**COLLECTED DATA:**
= Beginning of Section =
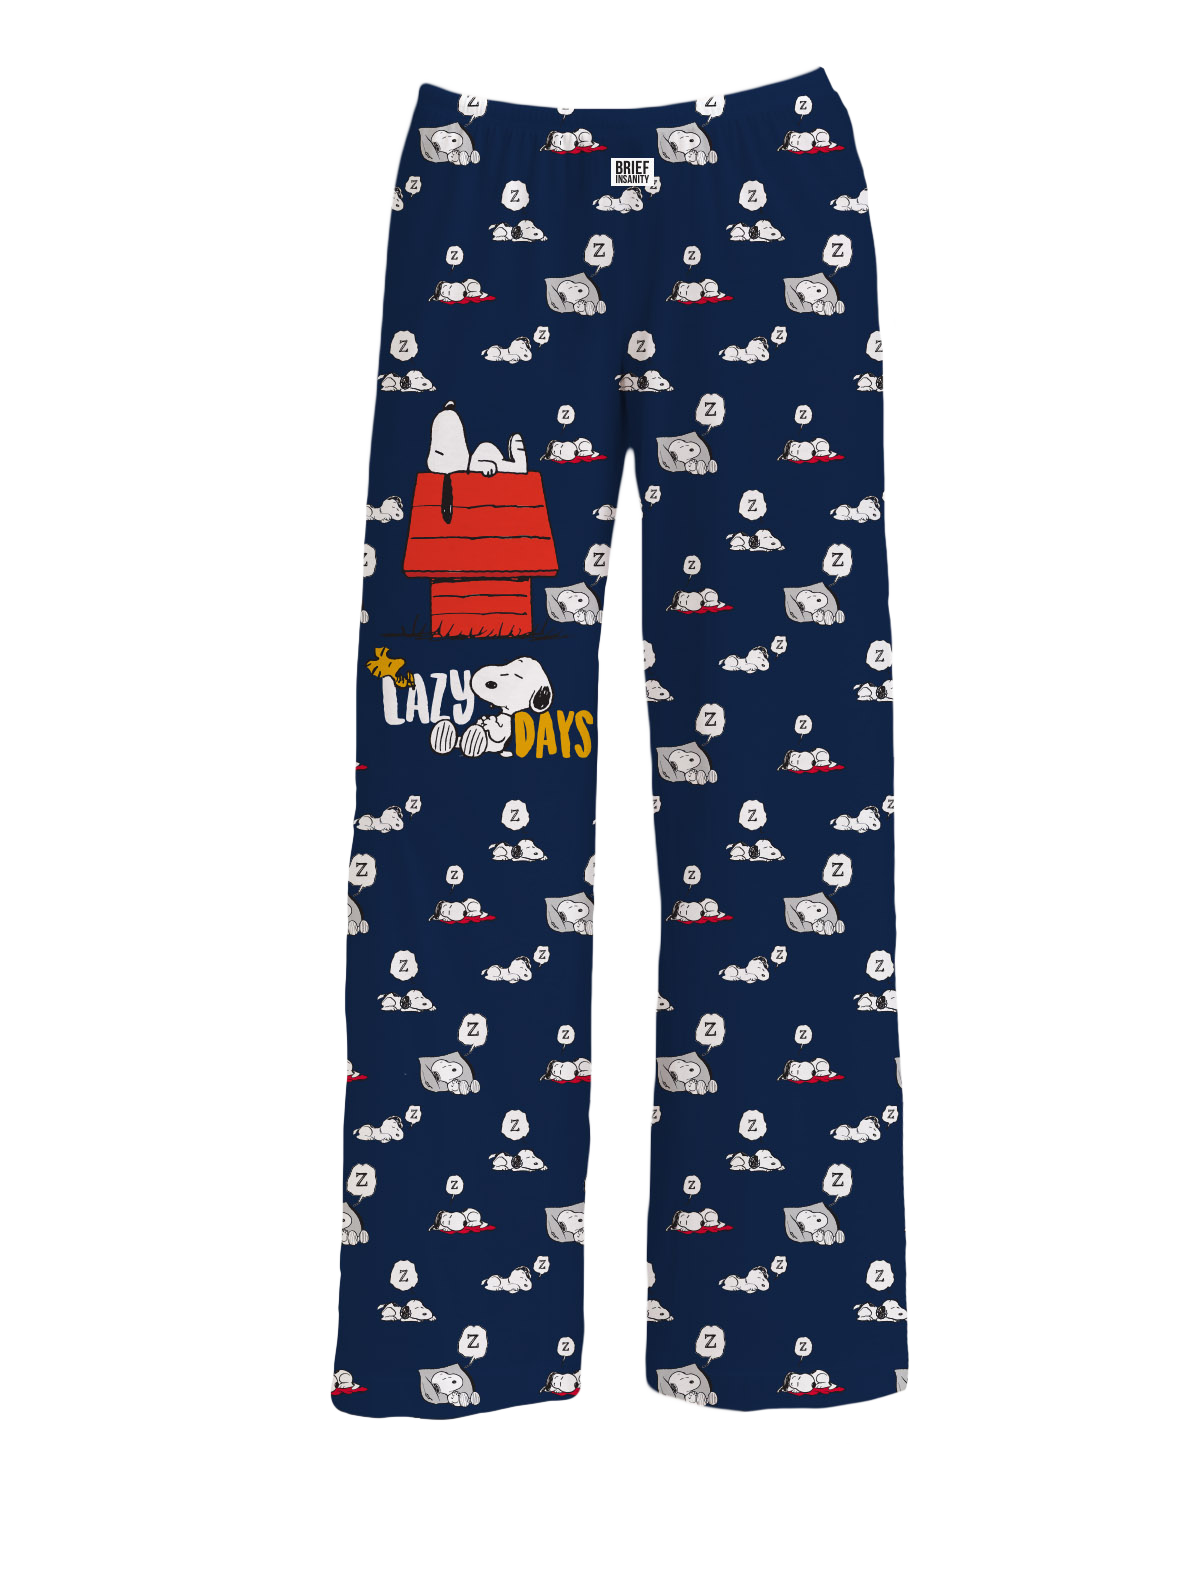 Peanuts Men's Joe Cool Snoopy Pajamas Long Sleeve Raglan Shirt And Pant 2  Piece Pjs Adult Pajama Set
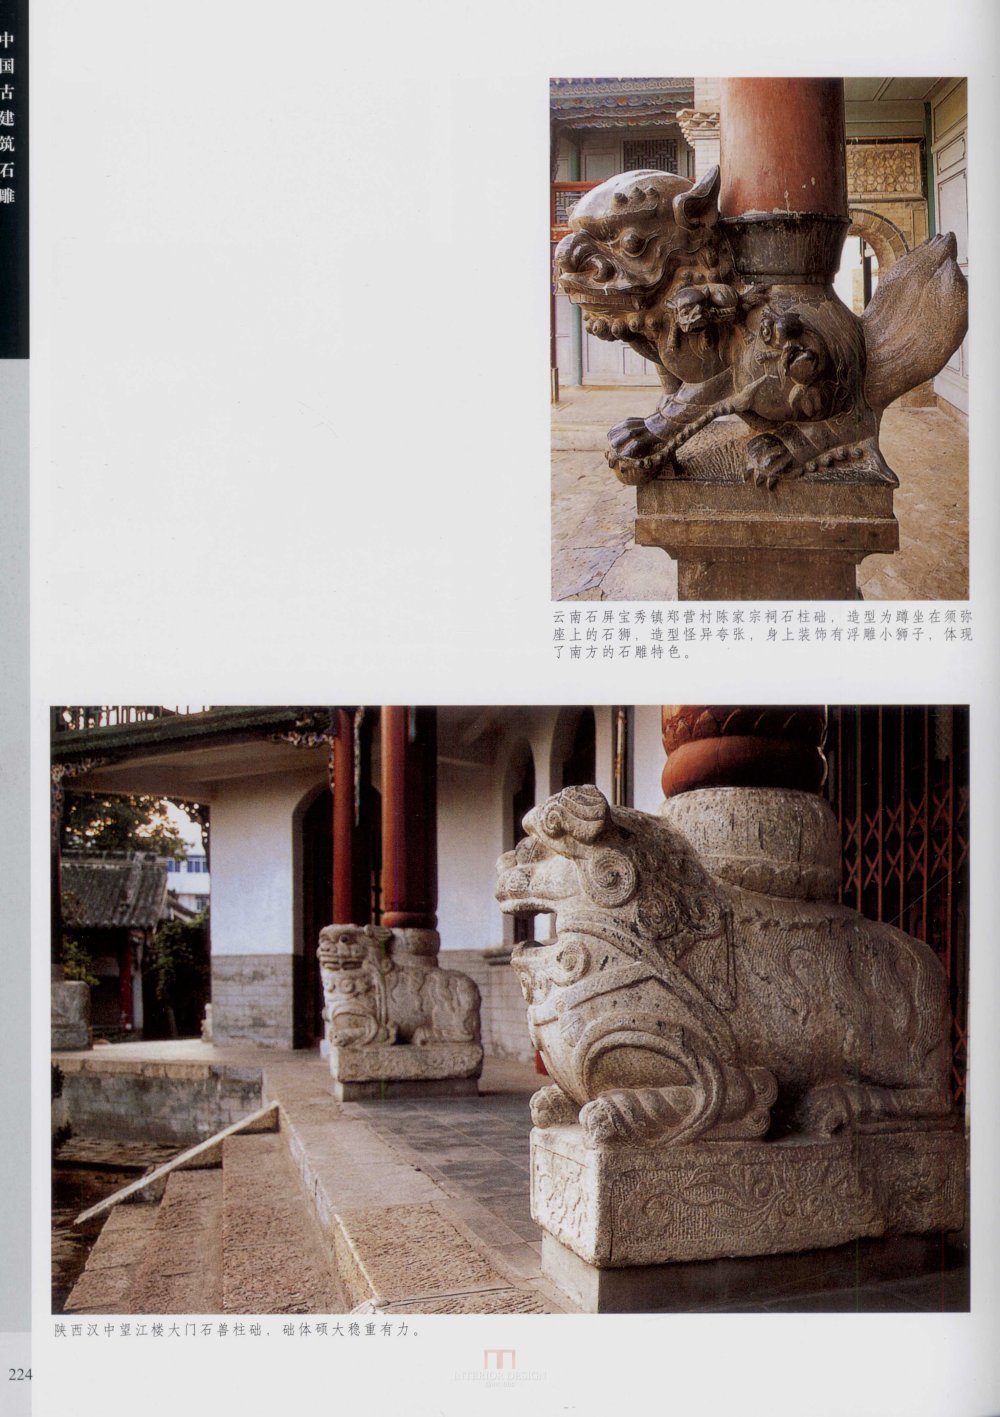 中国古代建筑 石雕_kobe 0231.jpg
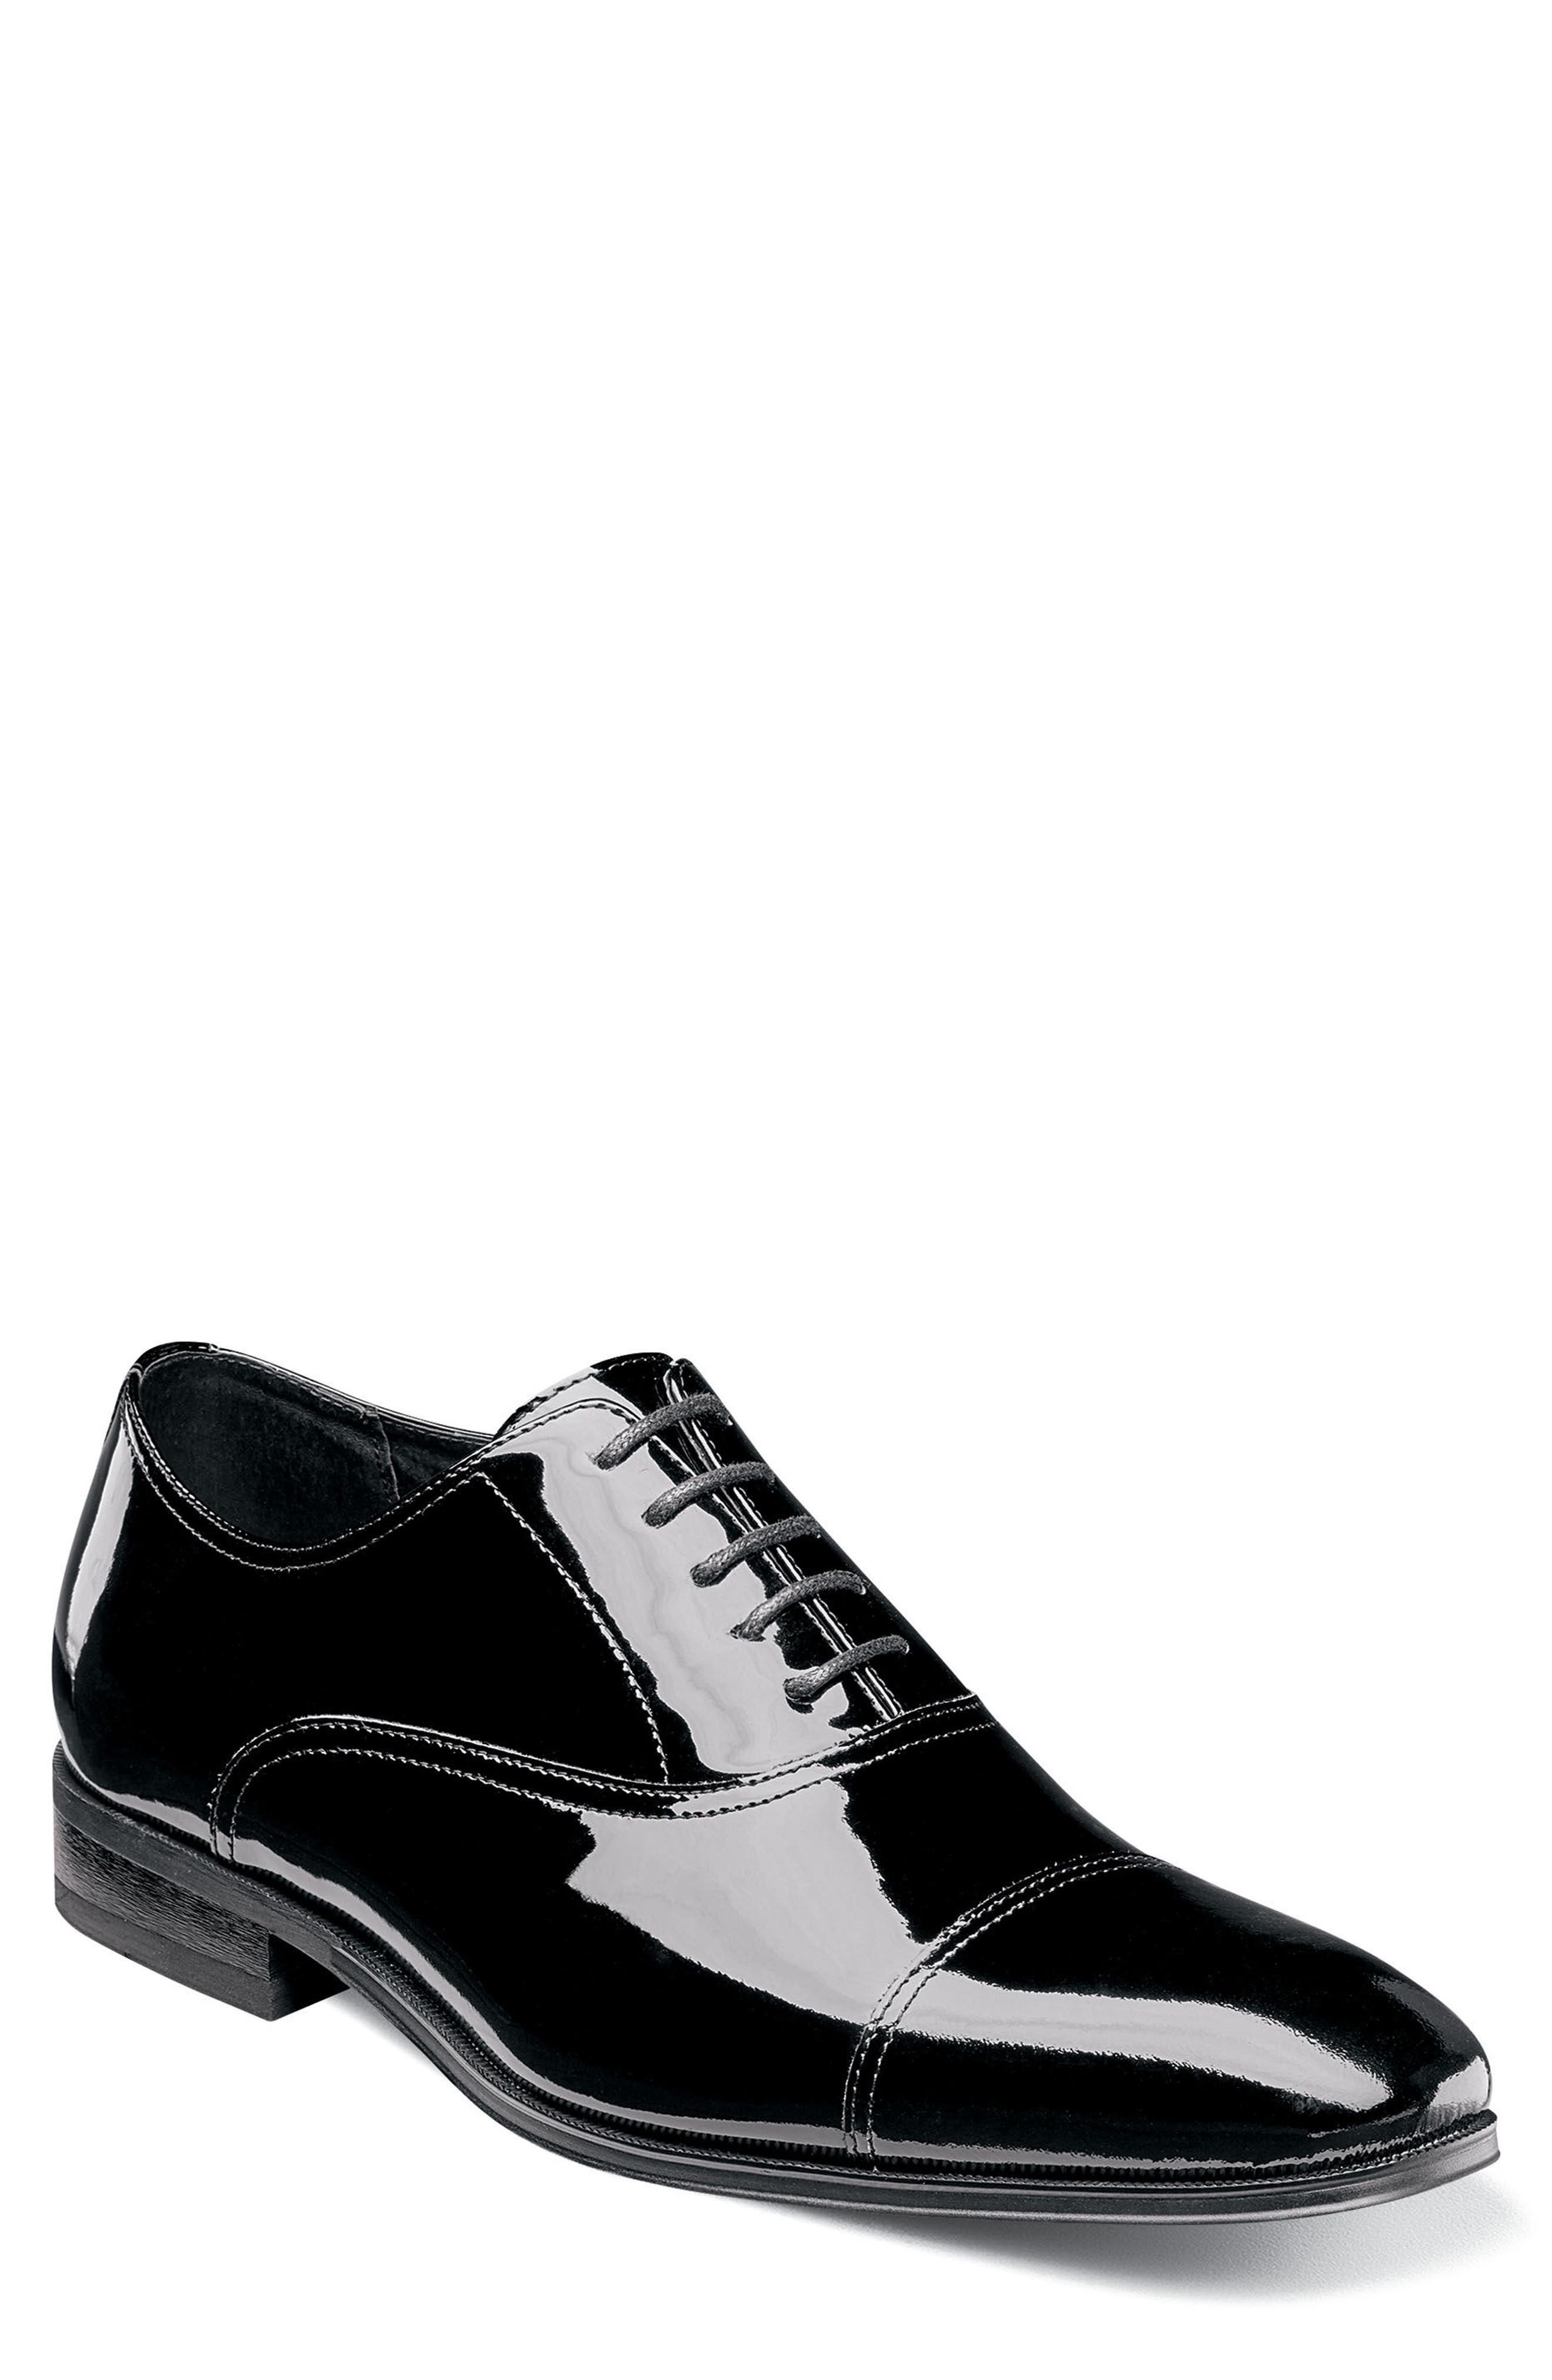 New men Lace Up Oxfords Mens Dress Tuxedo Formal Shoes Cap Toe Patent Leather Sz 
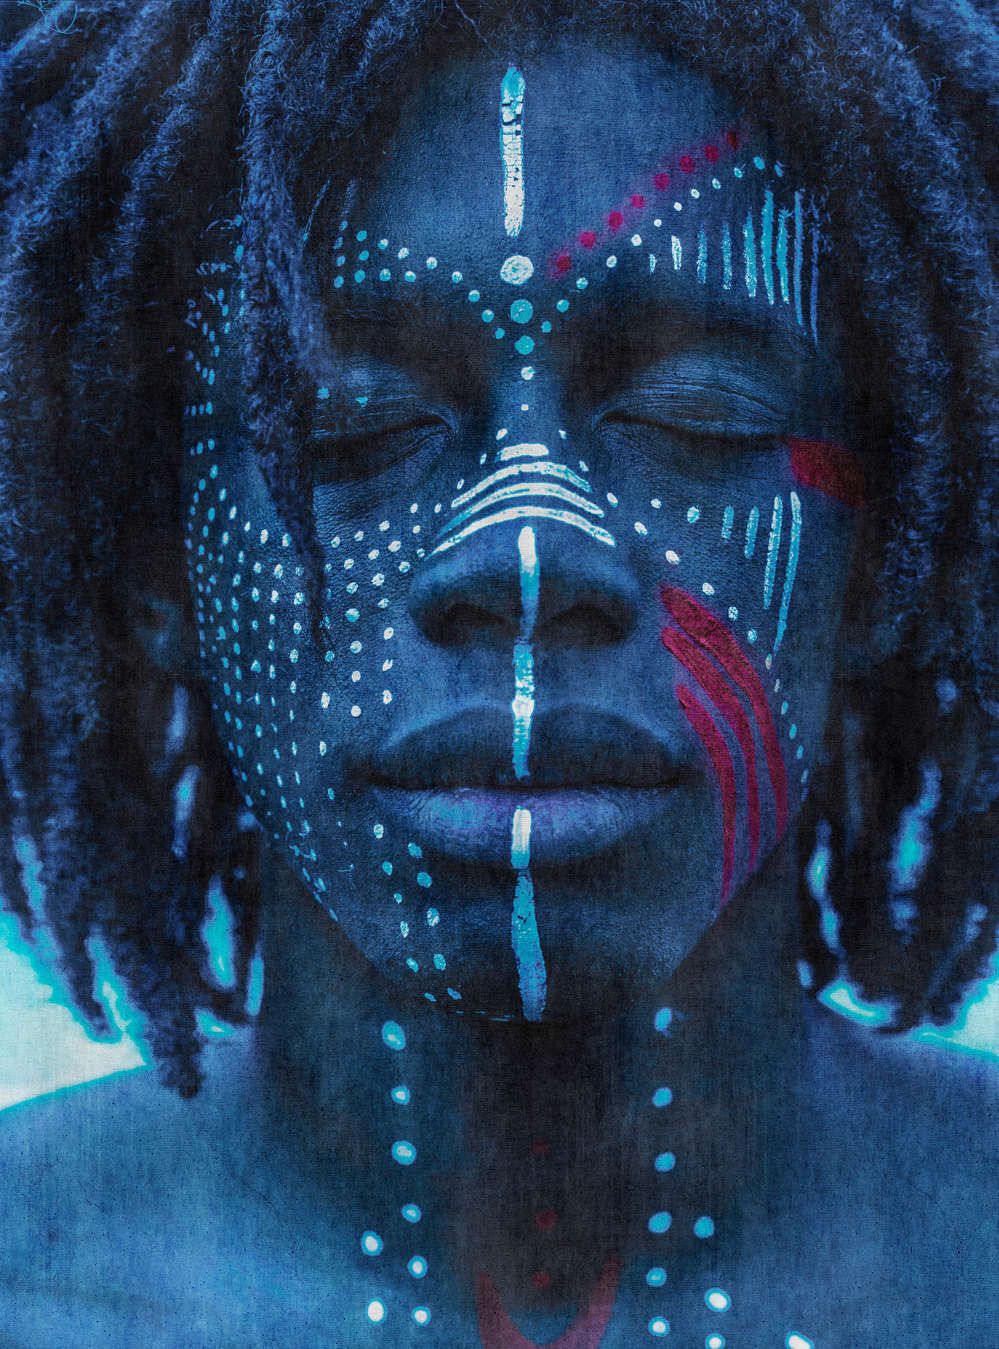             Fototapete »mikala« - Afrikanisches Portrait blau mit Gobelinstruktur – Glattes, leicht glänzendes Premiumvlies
= End of Section =
**EXERCISE AIM:**
A verbatim copy of the data, pictures removed, is the expected result.

**COMPLETED EXERCISE:**
 Peanuts Men's Joe Cool Snoopy Pajamas Long Sleeve Raglan Shirt And Pant 2  Piece Pjs Adult Pajama Set
 中国古代建筑 石雕_kobe 0231.jpg
 New men Lace Up Oxfords Mens Dress Tuxedo Formal Shoes Cap Toe Patent Leather Sz 
             Fototapete »mikala« - Afrikanisches Portrait blau mit Gobelinstruktur – Glattes, leicht glänzendes Premiumvlies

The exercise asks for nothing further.